╭─ DATASET RECORDS

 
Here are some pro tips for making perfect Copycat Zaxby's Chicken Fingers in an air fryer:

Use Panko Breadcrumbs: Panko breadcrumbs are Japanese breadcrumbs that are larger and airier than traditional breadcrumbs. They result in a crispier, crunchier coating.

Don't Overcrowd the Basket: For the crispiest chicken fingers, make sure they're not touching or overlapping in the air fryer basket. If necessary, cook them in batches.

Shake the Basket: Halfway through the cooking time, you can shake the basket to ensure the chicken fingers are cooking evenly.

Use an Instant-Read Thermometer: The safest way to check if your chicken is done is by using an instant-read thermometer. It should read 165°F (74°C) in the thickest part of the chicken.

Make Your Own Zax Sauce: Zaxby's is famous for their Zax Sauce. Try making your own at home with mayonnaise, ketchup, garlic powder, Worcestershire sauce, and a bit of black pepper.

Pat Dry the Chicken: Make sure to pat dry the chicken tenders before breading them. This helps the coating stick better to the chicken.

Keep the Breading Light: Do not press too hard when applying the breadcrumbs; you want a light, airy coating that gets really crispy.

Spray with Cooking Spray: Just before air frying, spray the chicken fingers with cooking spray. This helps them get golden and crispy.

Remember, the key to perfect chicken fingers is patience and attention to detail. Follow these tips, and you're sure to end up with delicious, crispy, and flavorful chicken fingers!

╰─
╭─ DATASET RECORDS

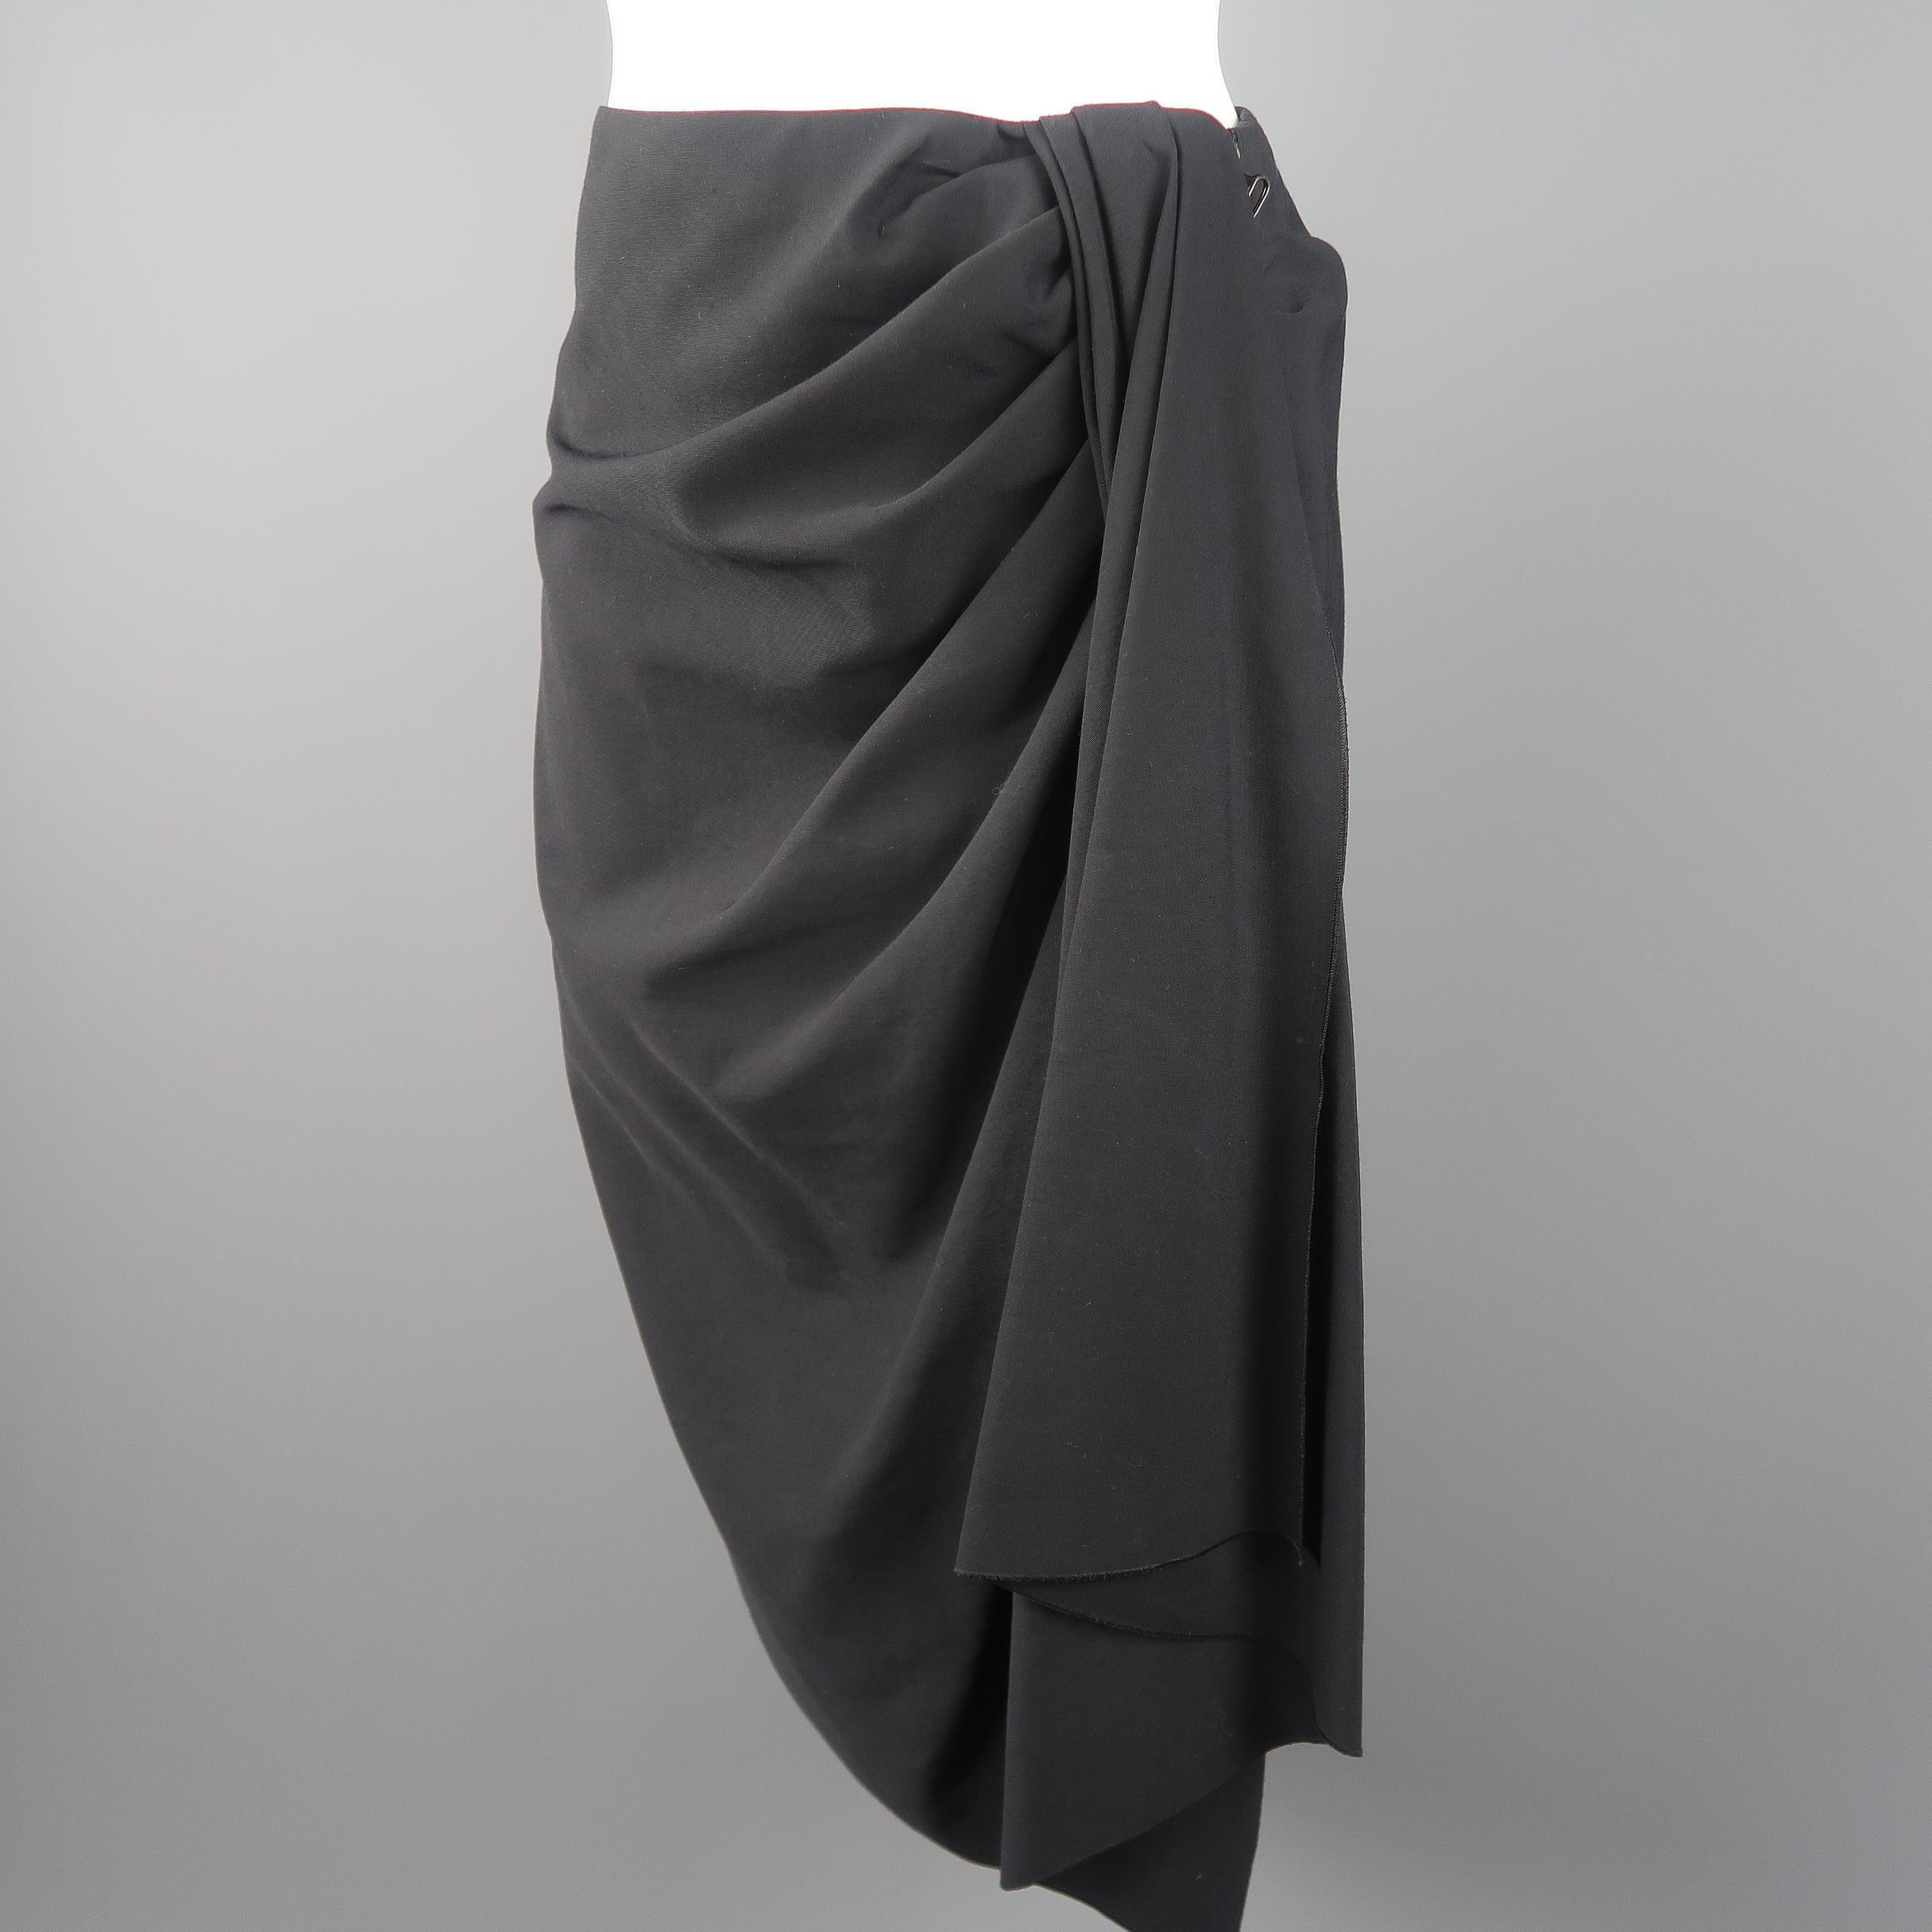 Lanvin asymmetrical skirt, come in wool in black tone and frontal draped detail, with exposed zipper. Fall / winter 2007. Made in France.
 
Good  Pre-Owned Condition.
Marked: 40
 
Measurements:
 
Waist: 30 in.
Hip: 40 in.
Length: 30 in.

╰─
╭─ DATASET RECORDS

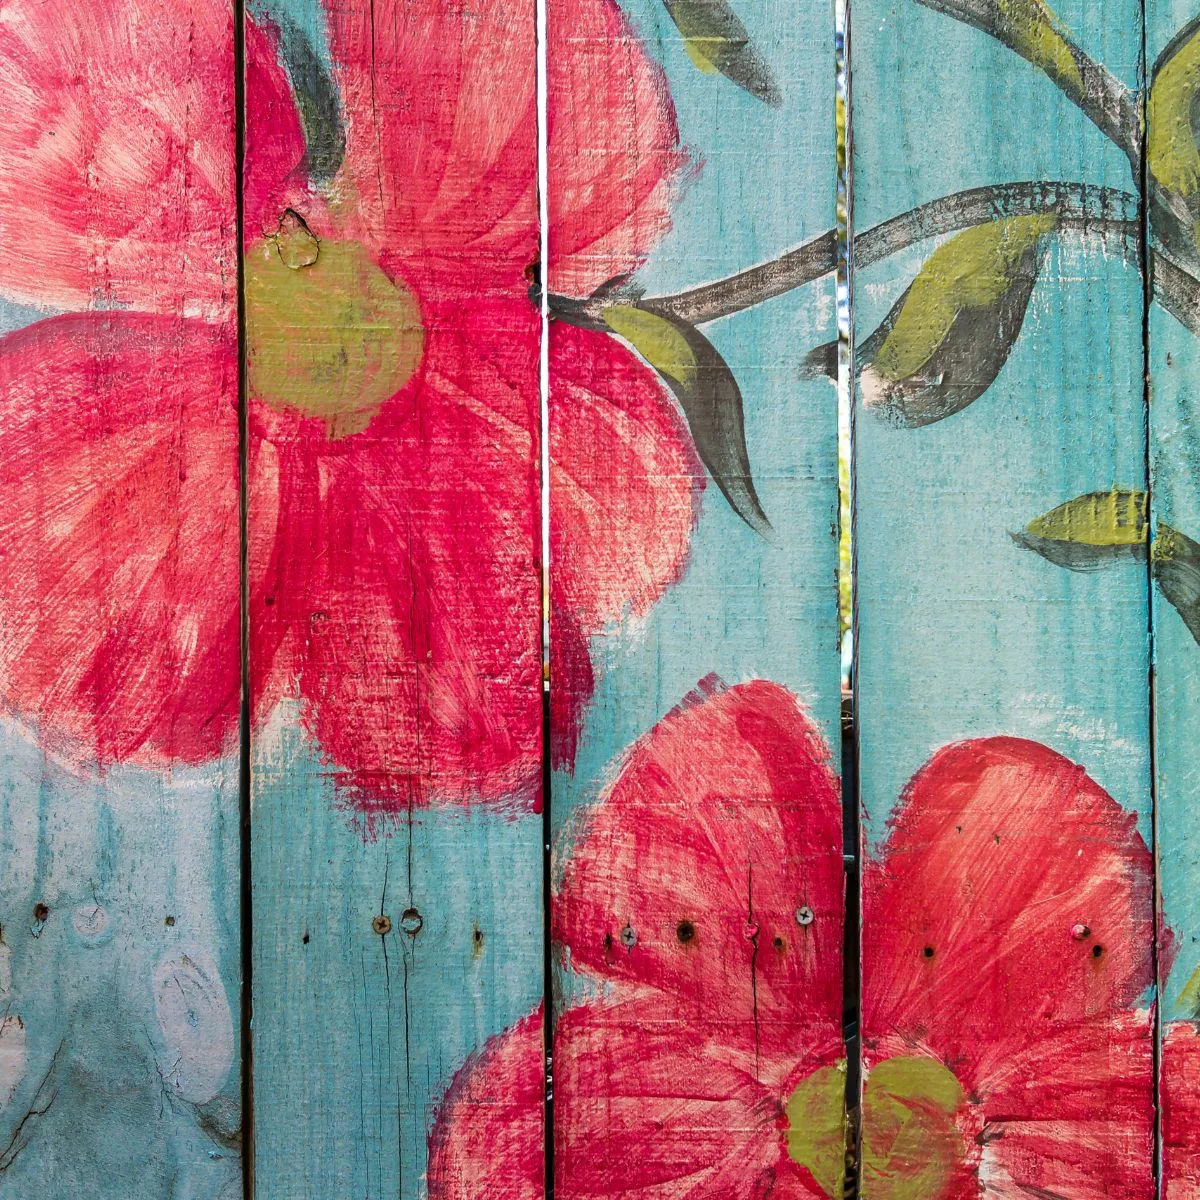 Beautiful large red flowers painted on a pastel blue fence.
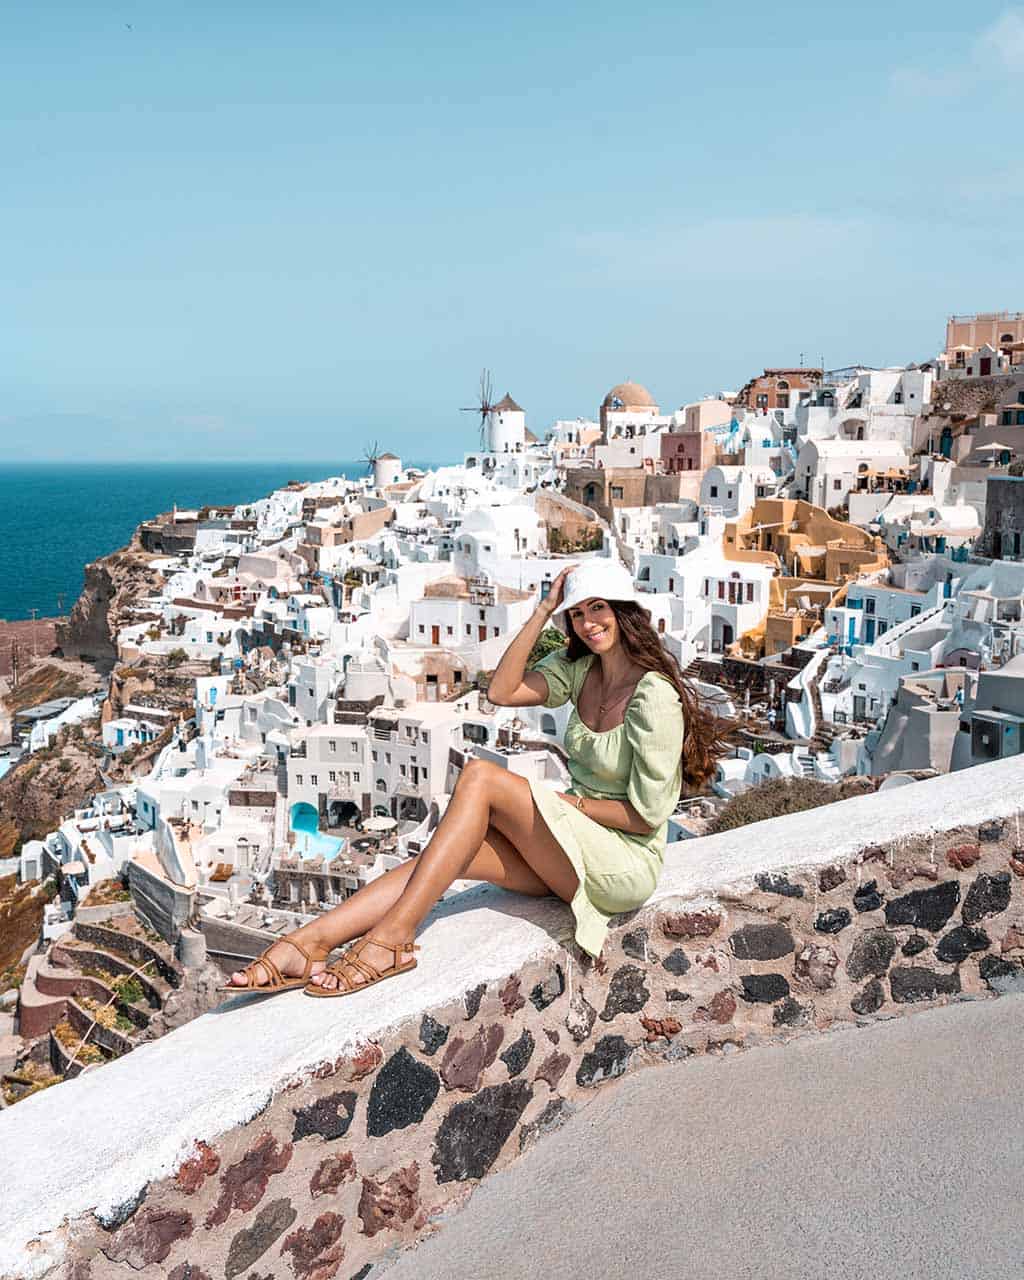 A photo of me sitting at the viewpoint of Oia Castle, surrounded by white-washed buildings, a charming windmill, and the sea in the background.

╰─

▸ **WHAT NEEDS TO BE DONE**
For the material above, reproduce exactly the lines from the line with "Spray with Cooking" to the line with "Remember, the key", inclusive, and exclude all others.

▸ **RESPONSE AREA**
Spray with Cooking Spray: Just before air frying, spray the chicken fingers with cooking spray. This helps them get golden and crispy.

Remember, the key to perfect chicken fingers is patience and attention to detail. Follow these tips, and you're sure to end up with delicious, crispy, and flavorful chicken fingers!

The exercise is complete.